I'm one of the ambivalents. The issue for me is that in this world there are so many people dying due to circumstances completely beyond their control that it is hard for me to get as worked up about someone who dies as a result of his own choice and action. My heart cries out for so many anonymous people but for Nguyen I just can't help but think 'you were the idiot who decided to smuggle drugs'. I think if this were more about the death penalty in Singapore in general I might get more worked up, but then again, I'm not sure whether it is our role to force another sovereign nation to change its laws. And then I wonder why I feel so callously when really I don't think anyone should be eternally punished for a stupid mistake.

11:10 am  
Anonymous Ingrid said...

I am against capital punishment. However I have to agree with Rachel in that eveyone knows there's the death penalty for drug smuggling in Singapore, and if you're silly enough to do it anyway then you just have to cop the punishment.
On the other hand, I do this its sexist that Nguyen got barely any press until right at the end, while the two chicks up on drug charges got heaps of coverage.
And if we're going to do something about capital punishment, then surely we need to be looking at all the contries that have it, not just Singapore.
The other thing is that while I agree that it would be good for Singapore to change their laws, I'm not going to blame the people of Singapore for their laws because I would hate to be blamed for the stupid laws that our government have just passed.

5:30 pm  
Blogger elissa feit said...

Absolutly. If the people were blamed, then I would have to cop it for both the US and the Australian laws. 8-)

7:33 am  
Anonymous Shane said...

Side note: it's been reported that Nguyen was carrying 26,000 hits of heroin. According to a Sydney Morning Herald piece the 400 grams Nguyen had makes maybe 2000 hits. A very different figure.

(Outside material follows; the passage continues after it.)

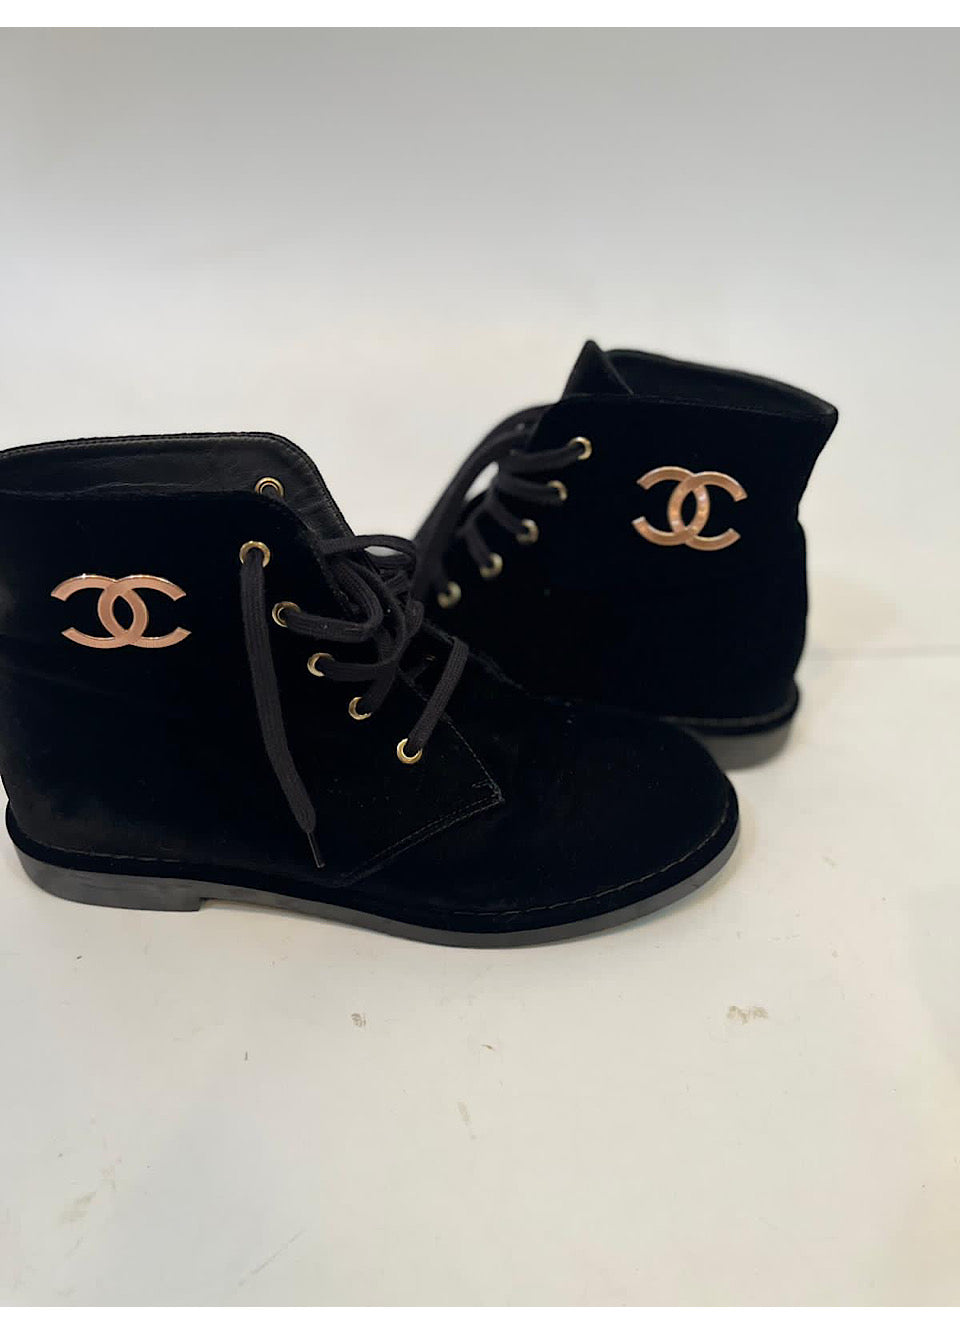 Chanel Black Suede Lace Up Ankle Boots EU 39 US 8.5 – HelensChanel

"..the idiot who decided.." "..silly enough to do it anyway..".

Wow. just, Wow. Can't find words for my response to this view but it *does* make me ask.

That Nguyen was paying a debt [for his brother]. Do people not believe his claim there, or does it not make a difference? I'm surprised to find that for me it makes his action somehow noble. Other people don't seem to think so.

Ing: Is someone blaming Singaporeans? I've not heard it. I hate being blamed for Australia's stupid laws too but I don't want friends overseas to stop calling me on it, and I say I'm trying to change them as best I know how.

1:43 pm  
Blogger elissa feit said...

Hi Shane,

Thanks for posting that. The number of doses certainly makes a difference to my understanding. 26,000 is a lot of lives potentially harmed. 2,000 is a lot less. 100 regular users for 1 year's supply. And it's a crime for which he would theoretically be jailed and then released while he still a young man. He would have a life ahead of him still.

The irony is that the drugs were never slated for Singapore. And Nguyen was convicted and punished as if his crime could have in any way affected Singapore.

My goal in these posts has simply been to figure out where we do and don't respect life for its own sake,.

I've lost loved ones. I felt just awful for his mum.